There is an elephant in the room: Towards a critique on the use of fairness in biometrics
Valdivia, Ana, Corbera-Serrajòrdia, Júlia, Swianiewicz, Aneta
In 2019, the UK's Immigration and Asylum Chamber of the Upper Tribunal dismissed an asylum appeal basing the decision on the output of a biometric system, alongside other discrepancies. The fingerprints of the asylum seeker were found in a biometric database which contradicted the appellant's account. The Tribunal found this evidence unequivocal and denied the asylum claim. Nowadays, the proliferation of biometric systems is shaping public debates around its political, social and ethical implications. Yet whilst concerns towards the racialised use of this technology for migration control have been on the rise, investment in the biometrics industry and innovation is increasing considerably. Moreover, fairness has also been recently adopted by biometrics to mitigate bias and discrimination on biometrics. However, algorithmic fairness cannot distribute justice in scenarios which are broken or intended purpose is to discriminate, such as biometrics deployed at the border.
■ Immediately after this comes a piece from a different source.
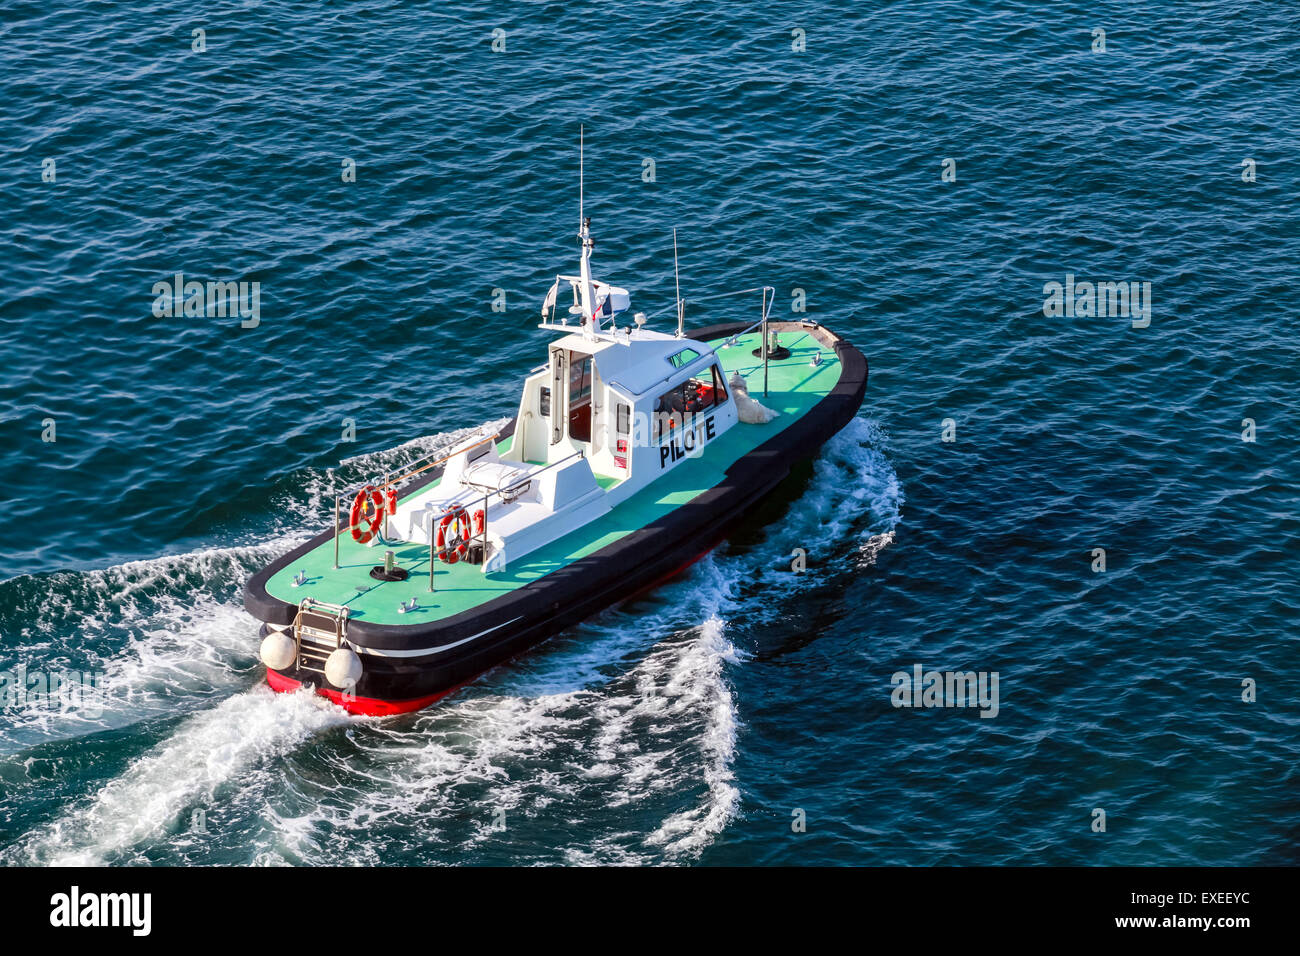 Small pilot boat with green deck and black hull is underway on a sea water Stock Photo

In this paper, we offer a critical reading of recent debates about biometric fairness and show its limitations drawing on research in fairness in machine learning and critical border studies. Building on previous fairness demonstrations, we prove that biometric fairness criteria are mathematically mutually exclusive. Then, the paper moves on illustrating empirically that a fair biometric system is not possible by reproducing experiments from previous works. Finally, we discuss the politics of fairness in biometrics by situating the debate at the border. We claim that bias and error rates have different impact on citizens and asylum seekers. Fairness has overshadowed the elephant in the room of biometrics, focusing on the demographic biases and ethical discourses of algorithms rather than examine how these systems reproduce historical and political injustices.